We may disclose your information if required to do so by any competent law enforcement body, regulatory, government agency, court or other third-party where we believe disclosure is necessary to comply with applicable law or regulation, in response to a court order, judicial or other government subpoena or warrant, or to otherwise cooperate with law enforcement or other governmental agencies.
We also reserve the right to disclose your information that we believe, in good faith, is appropriate or necessary to (i) take precautions against liability, (ii) protect ourselves or others from fraudulent, abusive, or unlawful uses or activity, (iii) investigate and defend ourselves against any third-party claims or allegations, (iv) protect the security or integrity of our products and services and any facilities or equipment used to make our products and services available, or (v) protect our property or other legal rights (including, but not limited to, enforcement of our agreements), or the rights, property, or safety of others.
We may make certain aggregated, automatically-collected, or otherwise non-personal information available to third-parties for various purposes, including (i) compliance with various reporting obligations; (ii) for business or marketing purposes; or (iii) to assist such parties in understanding our users’ interests, habits, and usage patterns for certain programs, content, services, advertisements, promotions, and/or functionality available through our Offerings.
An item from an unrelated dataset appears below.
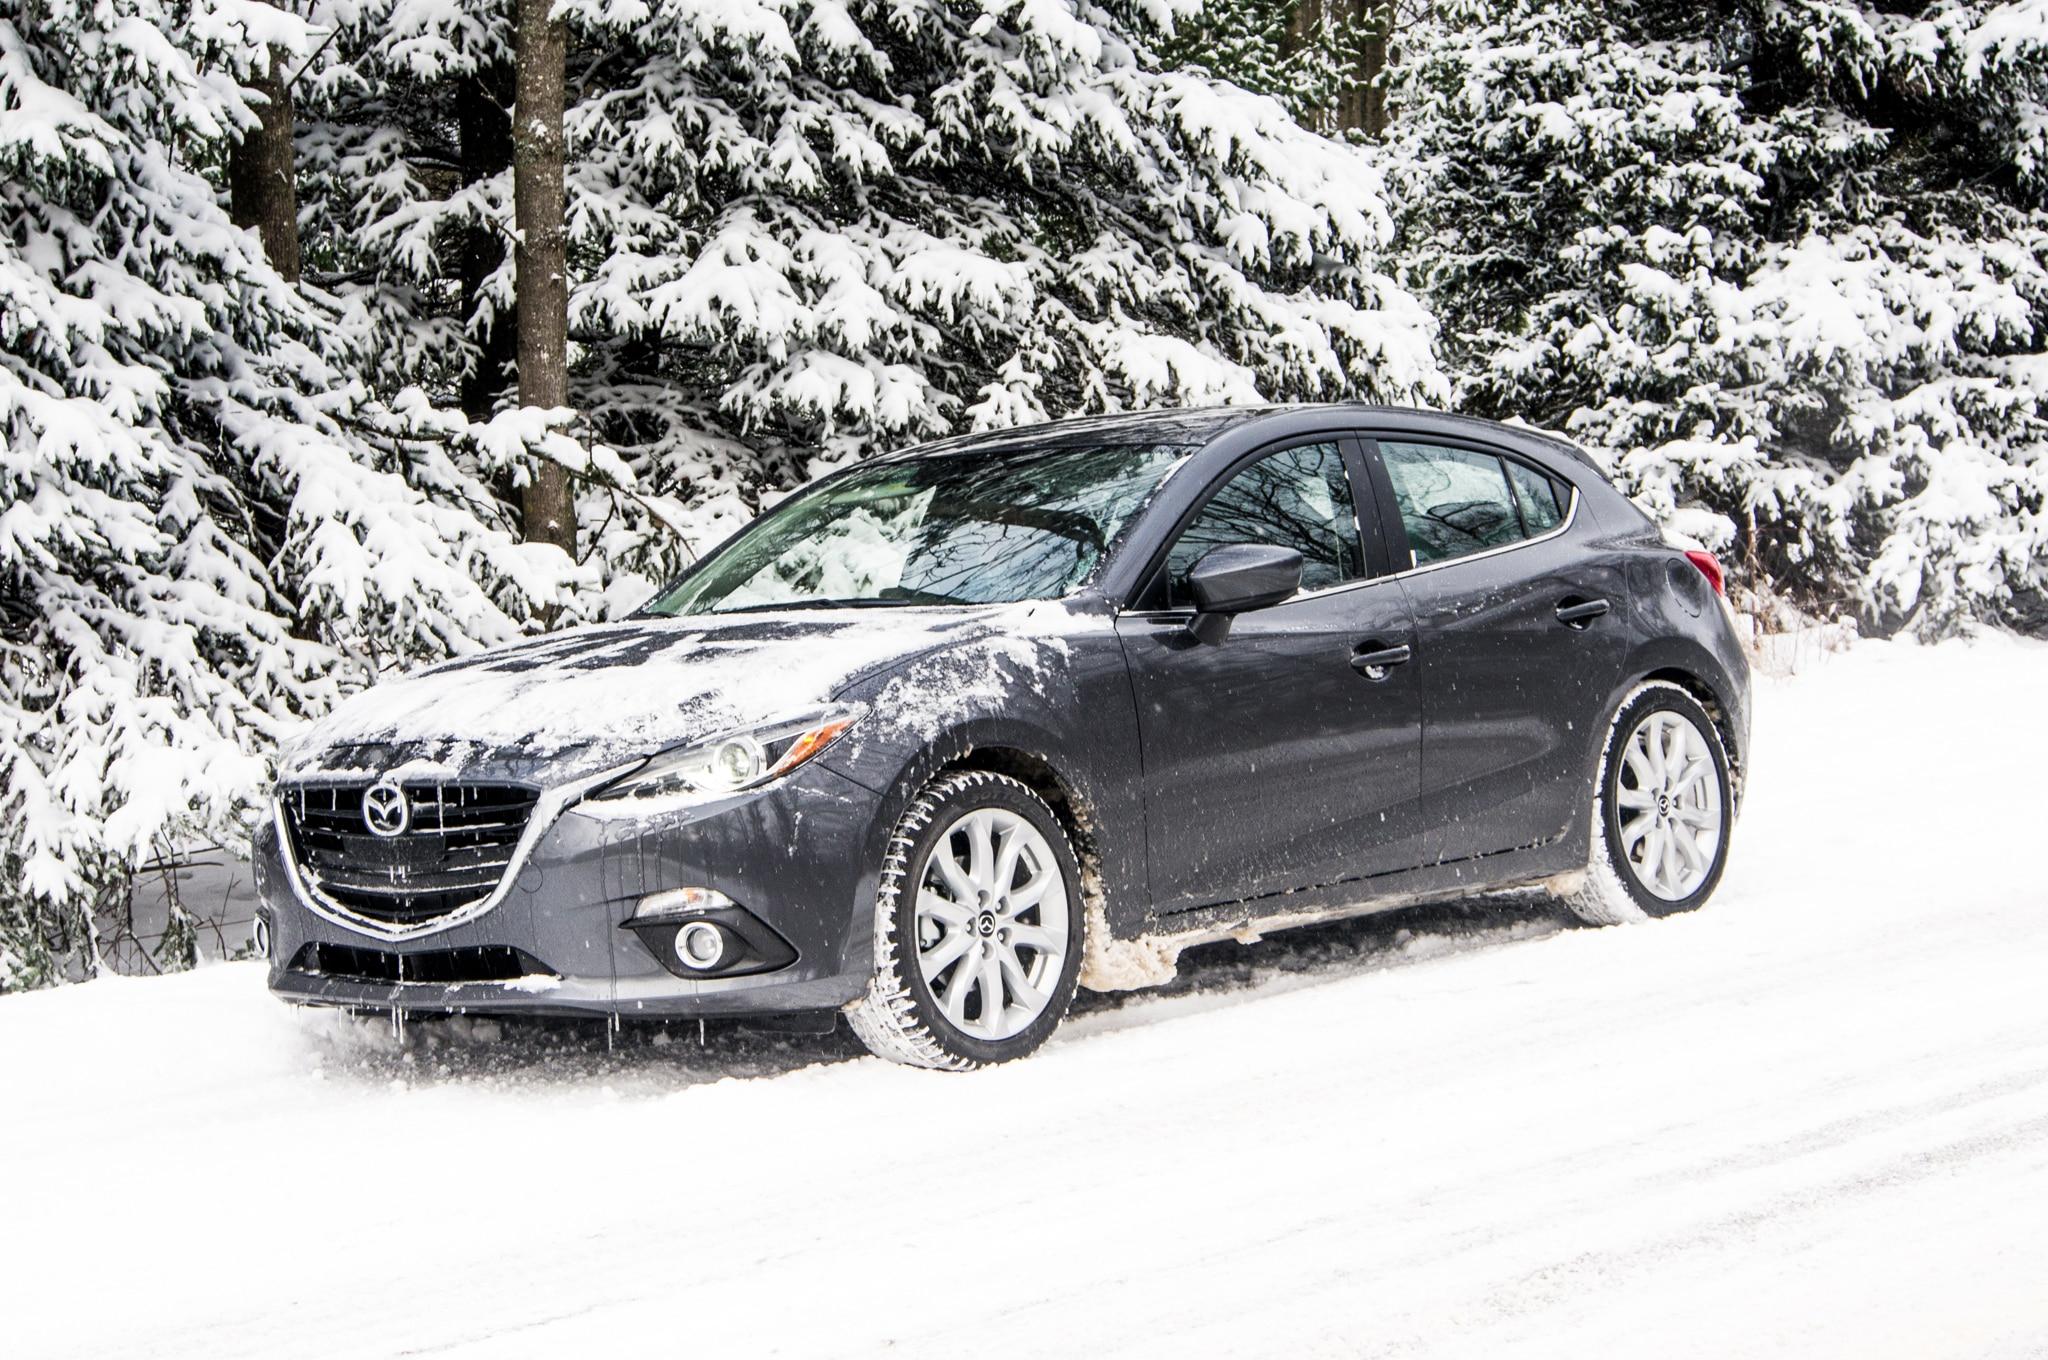 2014 Mazda 3 Front Three Quarter 2 Four Seasons March1

We may share your information with service providers. Among other things, service providers may help us to administer our website, conduct surveys, provide technical support, process payments, and assist in fulfillment of services. We contract with these service providers to ensure they only use your information to fulfill their obligations to provide services to us.
Cross-border transfer
Your Personal Data may be stored and processed in any country where we have facilities or in which we engage service providers, and by browsing our Sites You understand that your information will be transferred to countries outside of your country of residence, including the United States, which may have data protection rules that are different from those of your country. In certain circumstances, courts, law enforcement agencies, regulatory agencies or security authorities in those other countries may be entitled to access your Personal Information.
When we transfer Personal Data out of the European Union (“EU”), European Economic Area (“EEA”), the United Kingdom (“U.K.”), and Switzerland to countries that do not benefit from an adequacy decision, we may rely on Standard Contractual Clauses or other legal transfer mechanisms with appropriate safeguards in place to protect Personal Data. As previously noted, Pure complies with the EU-U.S. Data Privacy Framework (EU-U.S. DPF), the U.K. Extension to the EU-U.S. DPF, and the Swiss-U.S. Data Privacy Framework (Swiss-U.S. DPF) for transfers of Personal Data from the EU, EEA, U.K. (and Gibraltar), and Switzerland to the U.S.
Data retention
We retain Personal Data we collect from you where we have an ongoing legitimate business need to do so (for example, to provide you with a service you have requested or to comply with applicable legal, tax or accounting requirements). When we have no ongoing legitimate business need to process your Personal Data, we will either delete or anonymize it or, if this is not possible (for example, because your Personal Data has been stored in backup archives), then we will securely store your Personal Data and isolate it from any further processing until deletion is possible.